The remainder of this paper is structured as follows. The AdaTSK classifier is reviewed in the first subsection of Sect. 2. Subsections 2.2 and 2.3 introduce the improved bagging strategy and the proposed Bagging-AdaTSK classifier, respectively. Subsection 2.4 analyses the computational complexity of Bagging-AdaTSK. The performance comparison and sensitivity analysis are described in Sect. 3. The Sect. 4 concludes this study.

2 Methodology

In this section, we first review AdaTSK model for classification problems. Secondly, the improved bagging strategy is elaborated. At last, the proposed Bagging-AdaTSK model is introduced.

2.1 AdaTSK Classifier

Consider a classification problem involving D features and \(C\) classes. Let a specific sample or data point be represented by \({\mathbf{x}} = \left( {x_{1} ,x_{2} , \cdots ,x_{D} } \right) \in {\mathbb{R}}^{D}\). The number of fuzzy sets defined each feature is denoted by \(S\). In this investigation, we adopt so called compactly combined fuzzy rule base (CoCo-FRB) [20] to construct the fuzzy system. As a result, the number of rules, \(R\), is equal to \(S\). In general, the \(r\) th \(\left( {r = 1,2, \cdots ,R} \right)\) fuzzy rule of the first-order TSK model with \(C\)-dimensional output is described as below:

$$ \begin{array}{*{20}c} {{\text{Rule}}_{r} : \,{\text{IF}} \,x_{1} \,{\text{is}}\, A_{r,1} \, {\text{and}}\, \cdots {\text{and}}\, x_{D} \, {\text{is}}\, A_{r,D} ,} \\ {{\text{THEN}}\,y_{r}^{1} \left( x \right)\, = \,p_{r,0}^{1} + \mathop \sum \nolimits_{d = 1}^{D} p_{r,d}^{1} x_{d} , \cdots ,} \\ { y_{r}^{C} \left( x \right) = p_{r,0}^{C} + \mathop \sum \nolimits_{d = 1}^{D} p_{r,d}^{C} x_{d} ,} \\ \end{array} $$
(1)

where \({A}_{r,d} (d=\mathrm{1,2},\cdots ,D)\) is the fuzzy set associated with the \(d\)th feature used in the \(r\)th rule, \({y}_{r}^{c}\,\left(\mathbf{x}\right) (c=\mathrm{1,2},\cdots ,C)\) means the output of the \(r\)th rule for the \(c\)th class computed from \(\mathbf{x}\) and \({p}_{r,d}^{c}\) represents the consequent parameter of the \(r\)th rule associated with the \(d\)th feature for the \(c\)th class. As \(R=S\), \({A}_{r,d}\) is also the \(r\)th \(\left(r=\mathrm{1,2},\cdots ,S\right)\) fuzzy set defined on the \(d\)th feature.

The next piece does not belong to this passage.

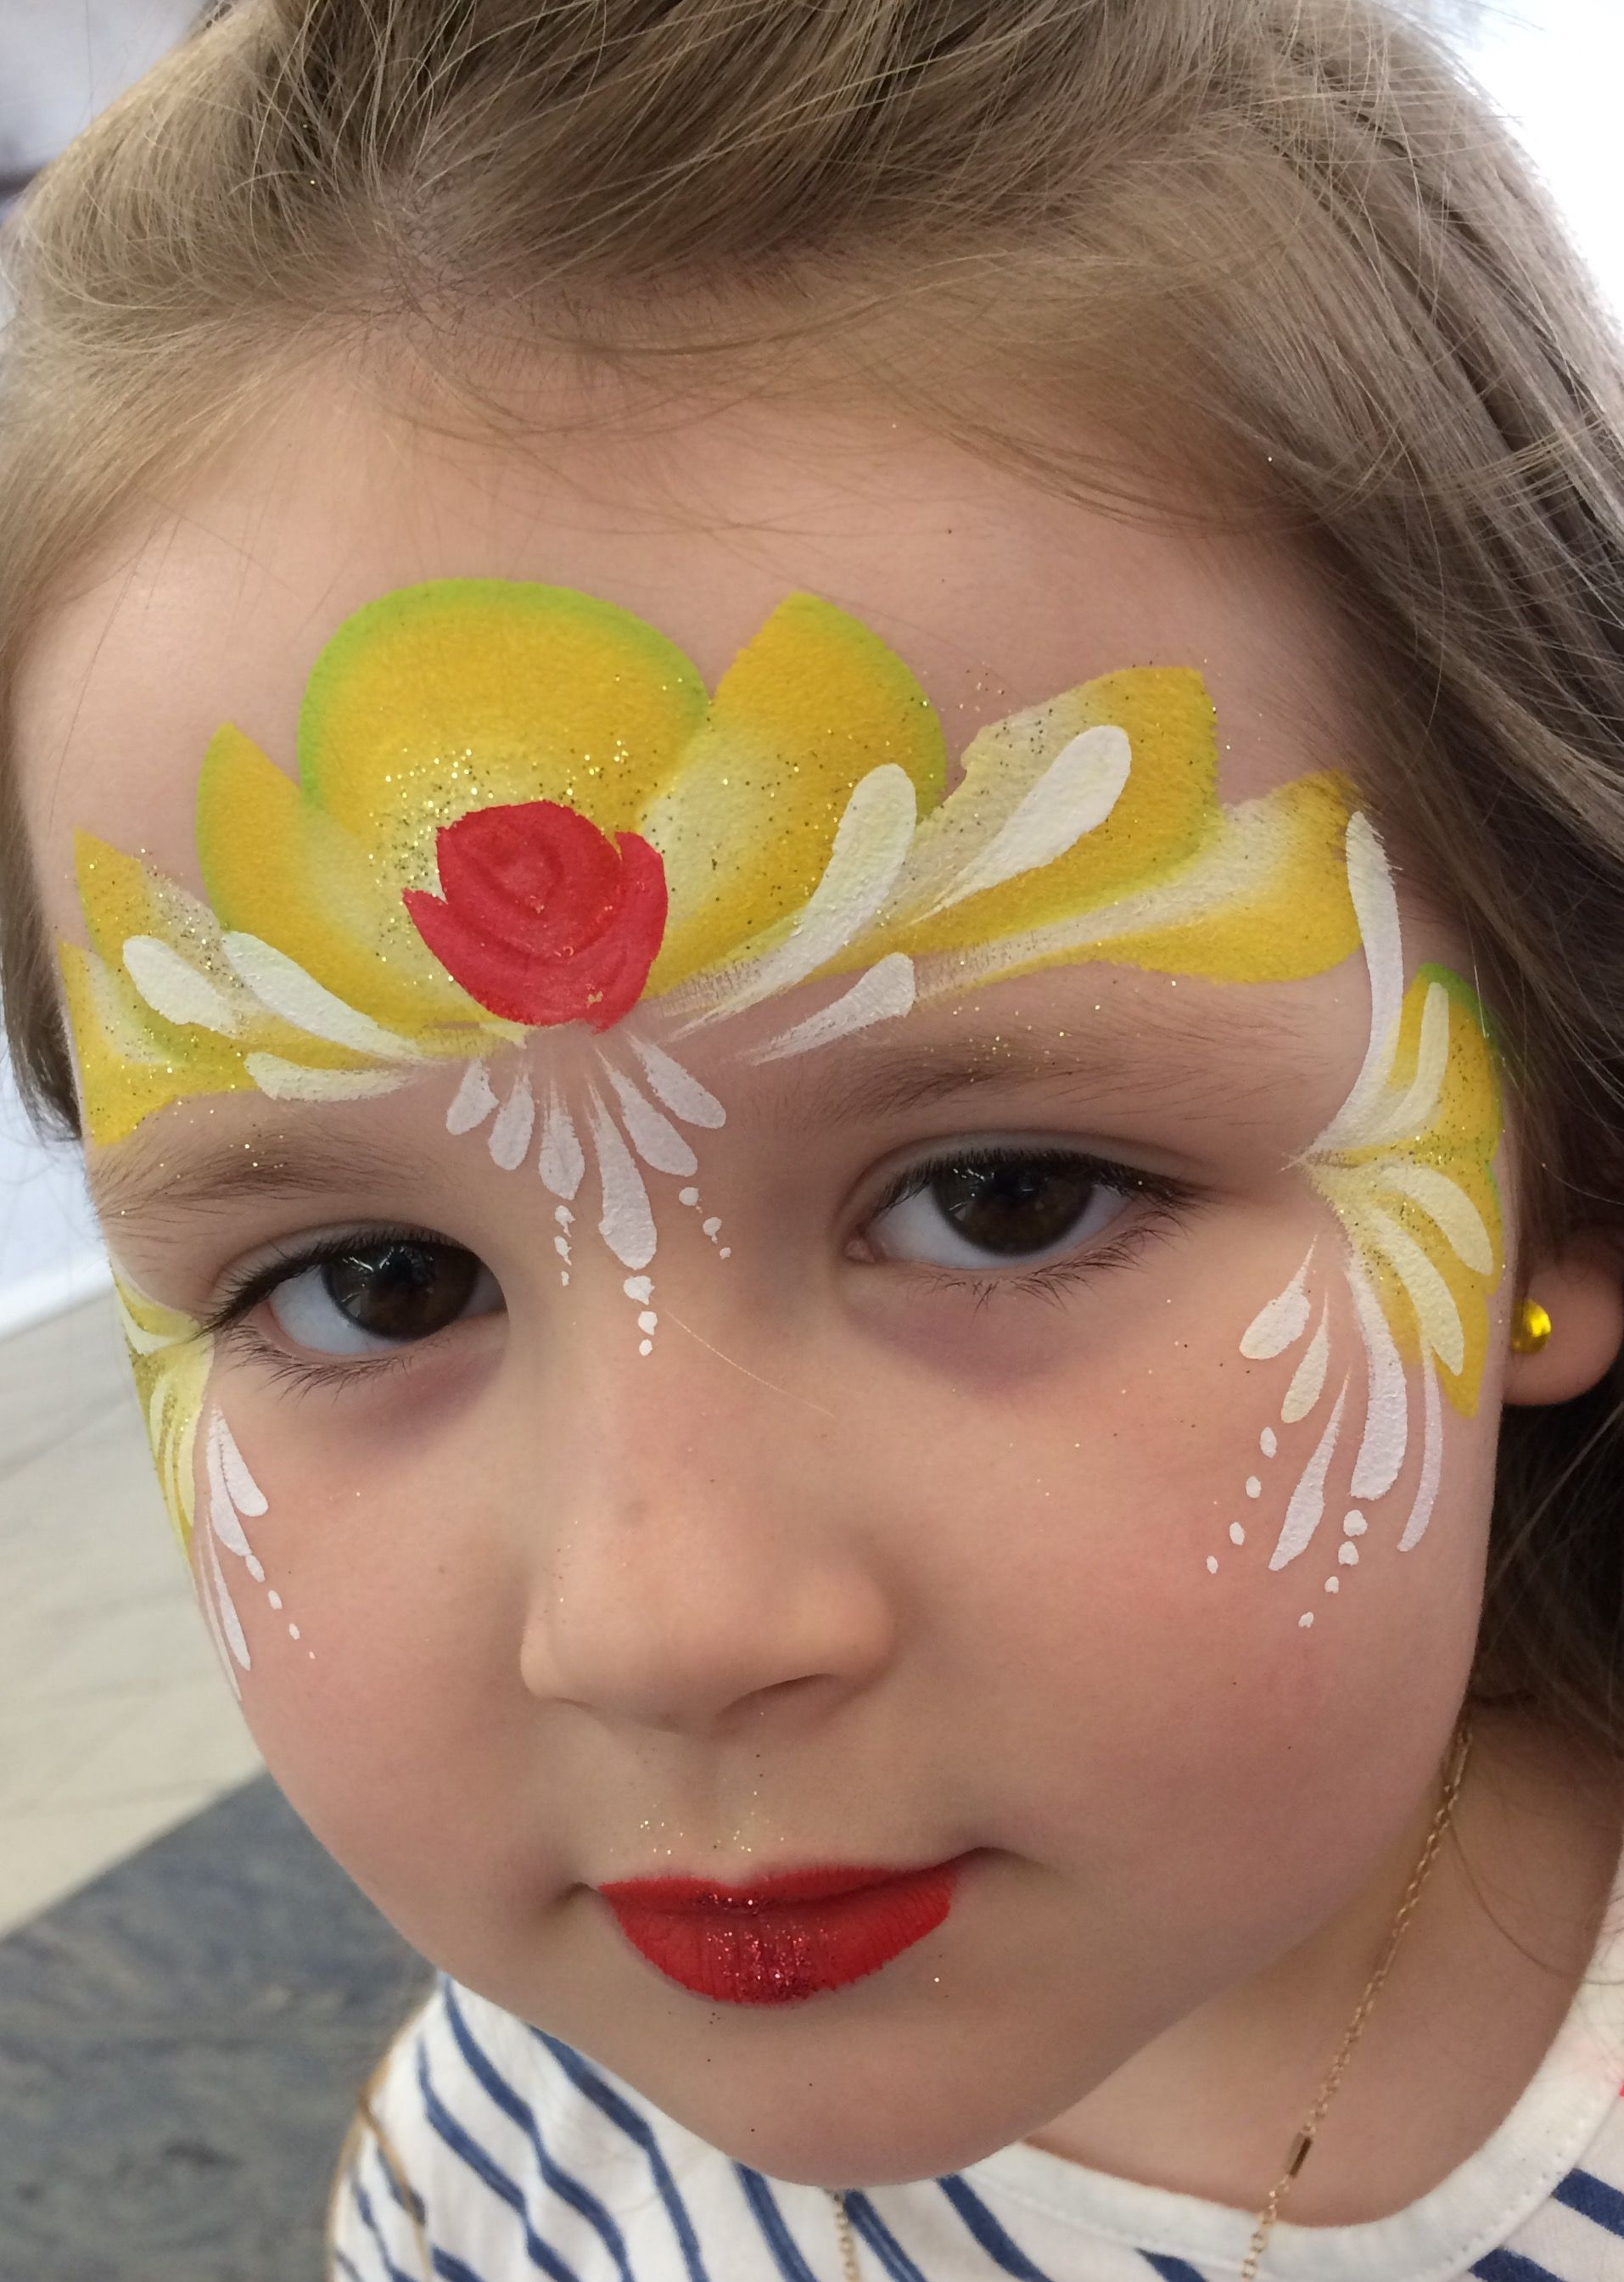 Beauty And The Beast Crown Yellow Red Disney Schminke Gesichtsbemalung Prinzessin Kinder Schminken Prinzessin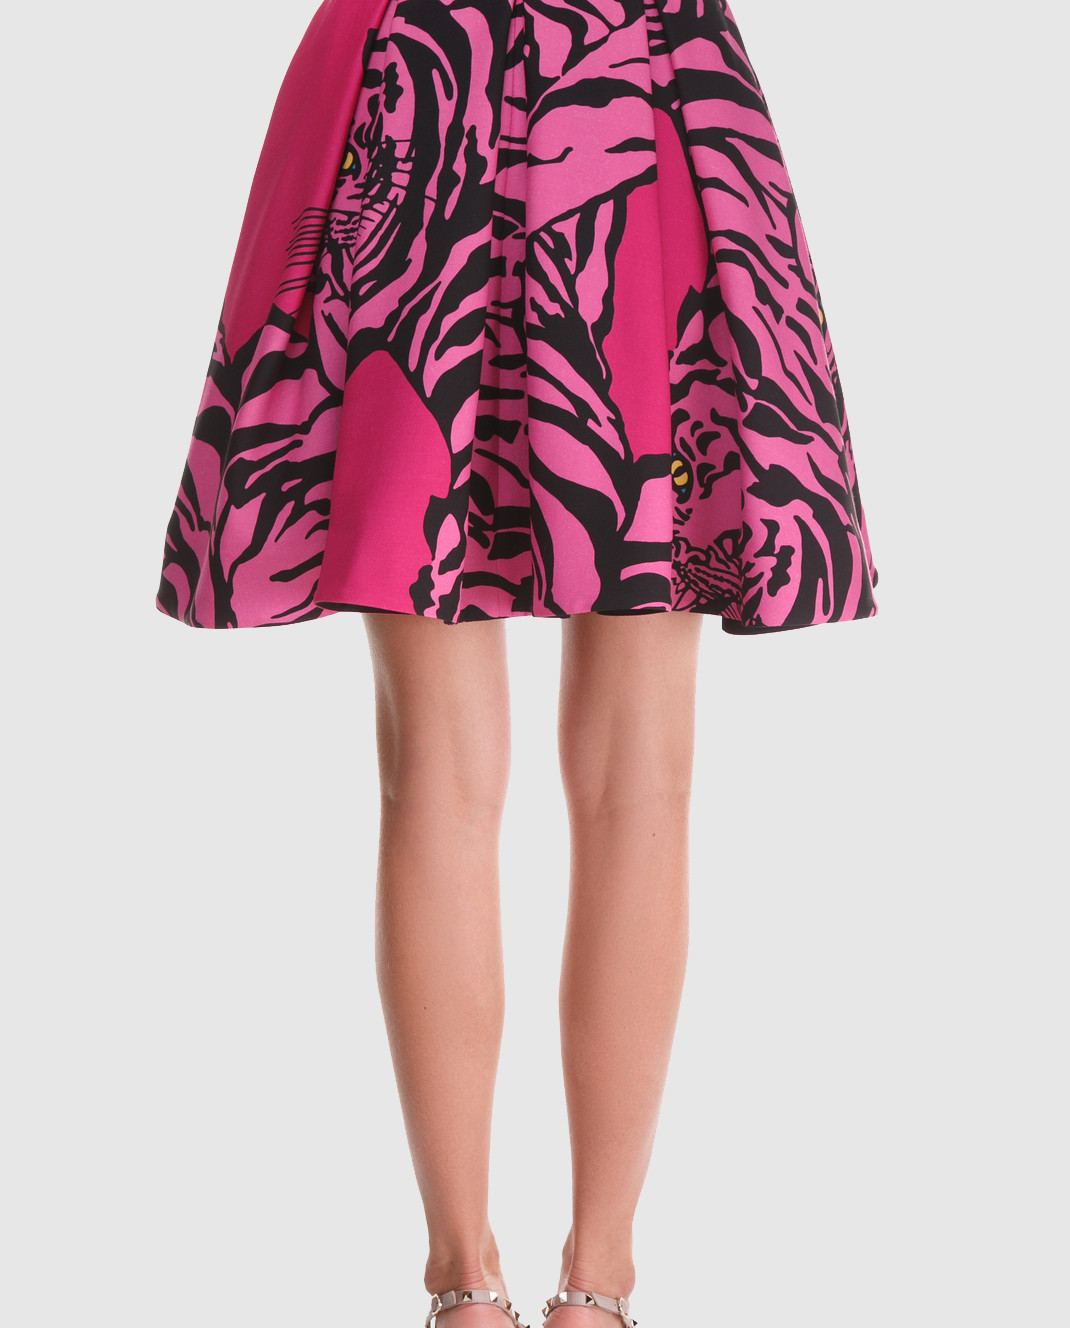 Valentino Розовая юбка из шерсти и шелка QB3RA3W546B изображение 4

Here, the fuzzy set \({A}_{r,d}\) is modeled by the simplified Gaussian membership function (MF) [5, 20],

$${\mu }_{r,d}\left(\mathbf{x}\right)={e}^{-{\left({x}_{d}-{m}_{r,d}\right)}^{2}},$$
(2)

where \({\mu }_{r,d}\left(\mathbf{x}\right)\) is the membership value of \(\mathbf{x}\) computed on \({A}_{r,d}\), \({x}_{d}\) is the \(d\)th \((d=\mathrm{1,2},\cdots ,D)\) component of \(\mathbf{x}\) and \({m}_{r,d}\) represents the center of the \(r\)th MF defined on the \(d\)th input variable. Note that the function only uses the \(d\)th component of \(\mathbf{x}\), even though the argument of \({\mu }_{ r,d}\) is shown as \(\mathbf{x}\).

In AdaTSK, the firing strength of the \(r\)th rule, \({f}_{r}(\mathbf{x})\), is computed by Ada-softmin, which is defined as

$${f}_{r}\left(\mathbf{x}\right)={\left(\frac{{\mu }_{r,1}^{\widehat{q}}\left(\mathbf{x}\right)+{\mu }_{r,2}^{\widehat{q}}\left(\mathbf{x}\right)+\cdots +{\mu }_{r,D}^{\widehat{q}}\left(\mathbf{x}\right)}{D}\right)}^{\frac{1}{\widehat{q}}},$$
(3)

where

$$ \hat{q}\, = \,\left\lceil {\frac{{690}}{{\ln \left( {\min \left\{ {\mu _{{r,1}} \left( {\mathbf{x}} \right),\mu _{{r,2}} \left( {\mathbf{x}} \right), \cdots ,\mu _{{r,D}} \left( {\mathbf{x}} \right)} \right\}} \right)}}} \right\rceil , $$
(4)

and \(\lceil\cdot \rceil\) is the ceiling function. Note that \(\widehat{q}\) is adaptively changed according to the current membership values. Since (3) satisfies the following formula:

$$ \mathop {\lim }\limits_{{\hat{q} \to - \infty }} \left( {\frac{{\mu_{r,1}^{{\hat{q}}} \left( {\mathbf{x}} \right) + \mu_{r,2}^{{\hat{q}}} \left( {\mathbf{x}} \right) + \cdots + \mu_{r,D}^{{\hat{q}}} \left( {\mathbf{x}} \right)}}{D}} \right)^{{\frac{1}{{\hat{q}}}}} = \mathop {\min }\nolimits_{d} \left\{ {\mu_{r,d} } \right\}, $$
(5)

Ada-softmin is an approximator of the minimum operator, in which (4) is used to acquire a proper value of \(\widehat{q}\) to help (3) to get the minimum of a group of membership values. Following [20], the lower bound of \(\widehat{q}\) is set to −1000 in the simulation experiments. If the \(\widehat{q}\) calculated by (4) is less than −1000, we let \(\widehat{q}\) be −1000.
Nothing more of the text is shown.